Archive for November, 2006

problems with editing group policy

November 30, 2006

This one made me feel like a noob!!!  I guess its one of those things that you don’t think about.

I was having problems editing a group policy object on one of my domain servers.  I kept checking permissions and beating my head against the wall, nothing.  Kept getting errors about not having appropriate permissions to access the GPO.  After beating my head on the keyboard for a while I happened to notice the time on the remote server was off.  Way off.  It was running about 90 minutes behind the rest of the system.   I reset the time and presto the GPO lets me in.

The moral of this story is: Keberos will not authenticate when the time is off by more than a few minutes.

bzip2

November 29, 2006

For a long time the only compression utility that I ever used was gzip, which I used in conjunction with the tar command whenever I was tar-ing data and compressing data.

Recently I learned that using bzip2 to compress data is even better. It is able to compress data to even smaller sizes than gzip.

Basically what I do now is first of all create the tarball with a command like this:

# tar -cvf filename.tar filesources.txt

After I make the tarball, then I use bzip2 on it, like so:

# bzip2 filename.tar

This will create a file that looks like filename.tar.bz2

If I then want to uncompress this file, I do this:

# bunzip2 filename.tar.bz2

This will leave me with a file called filename.tar again.

Here’s a good articleon linux.com.

chkconfig

November 28, 2006

chkconfig is a nice utility you’ll find in RedHat/Fedora Linux and its derivatives.

This utility enables you to tell the operating sytem what services should be executed and brought to life upon reboot of the server.

To understand chkconfig you have to keep in mind that Linux boots up into different run levels. A run level is a way of specifying what services should run when you boot up the server for different reasons. The main run levels I am concerned with are run levels 3 and 5. Level 3 is console mode, level 5 is full GUI or X Windows mode.

My servers boot into Level 3, so I configure what services will start up on level 3 by using the chkconfig command.

Example:

# chkconfig --level 3 foobar on

This example indicates that the foobar service should start up every time the server is rebooted into Level 3. My server is set to boot into Level 3 by default, so I know if the machine is rebooted the web server will come back on.

It is important for security to turn off as many services as you can get by with.

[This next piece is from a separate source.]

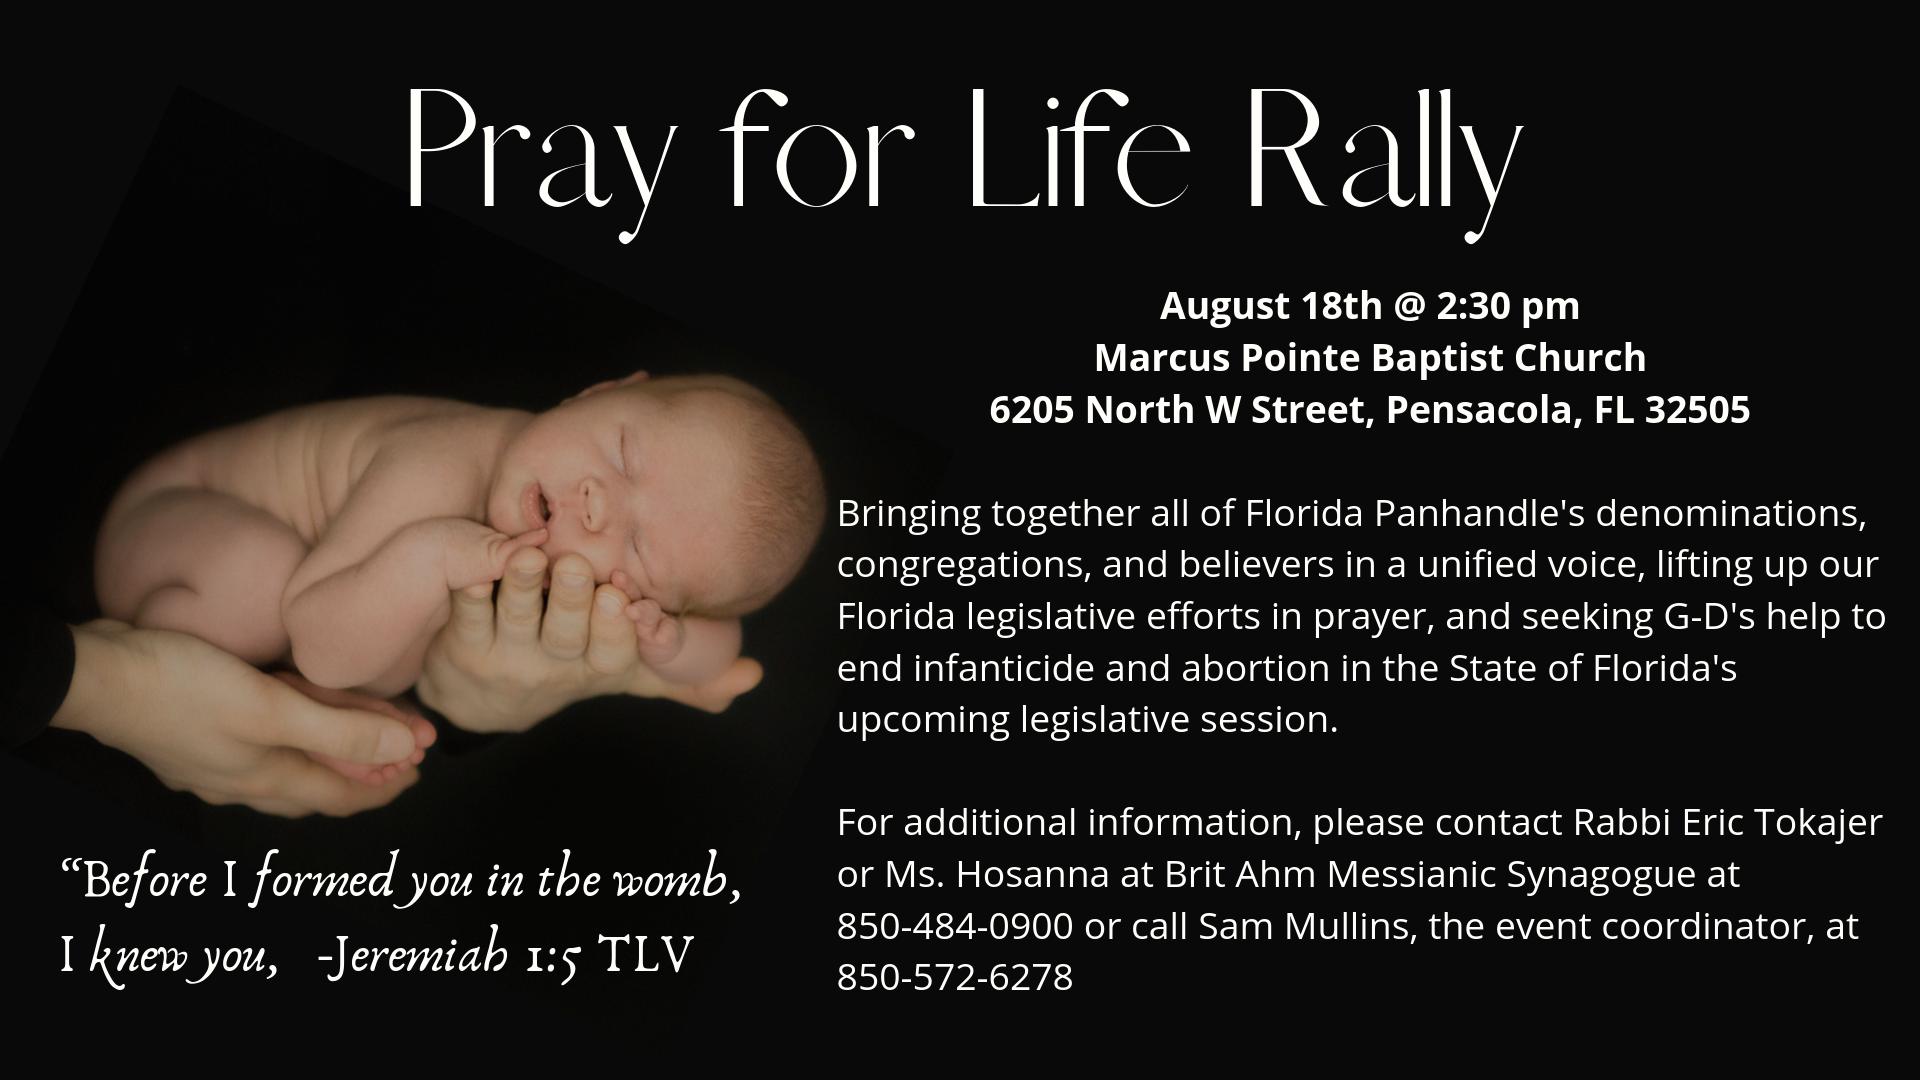 Pray for Life Rally

To get a listing of the services that are on and what ports are open on your server you can use the netstat command, and also use chkconfig like this:

# chkconfig --list | more

If you are looking for a specific service, and trying to determine if it comes on at a certain run level, you can try this:

# chkconfig --list | grep foobar

If you don’t care what run level a service starts up on, and you just want to make sure a service starts no matter what run level the machine starts on, you can do this:

# chkconfig foobar on

Win XP TCP/IP reinstall

November 27, 2006

Once there was a windows xp desktop that would not connect to the network. I tried to repair the connection but kept getting an error about not being able to query the tcp/ip stats for the adapter. So I think that there is a problem with the card, alas no. Turns out that the TCP/IP stack was corrupt. So how did I fix it….well I tried netsh commands but they did not work. Finally had to reinstall the protocol …

Right click “My Network Places”

Select Properties,

Right click the connection and select Properties,

Click Install >Protocol >add >have disk,

Browse to the location of nettcpip.inf (either on xp cd or windows/i386 folder),

Select TCP/IP click OK

Reboot

’scp’ command

November 22, 2006

Quick Overview and example:

# scp filetocopy userid@ipaddress:/folder/folder

In the example above, that last part is usually something like:
/home/username/

Also, don’t forget that colon : there in between the ipaddress and the first slash….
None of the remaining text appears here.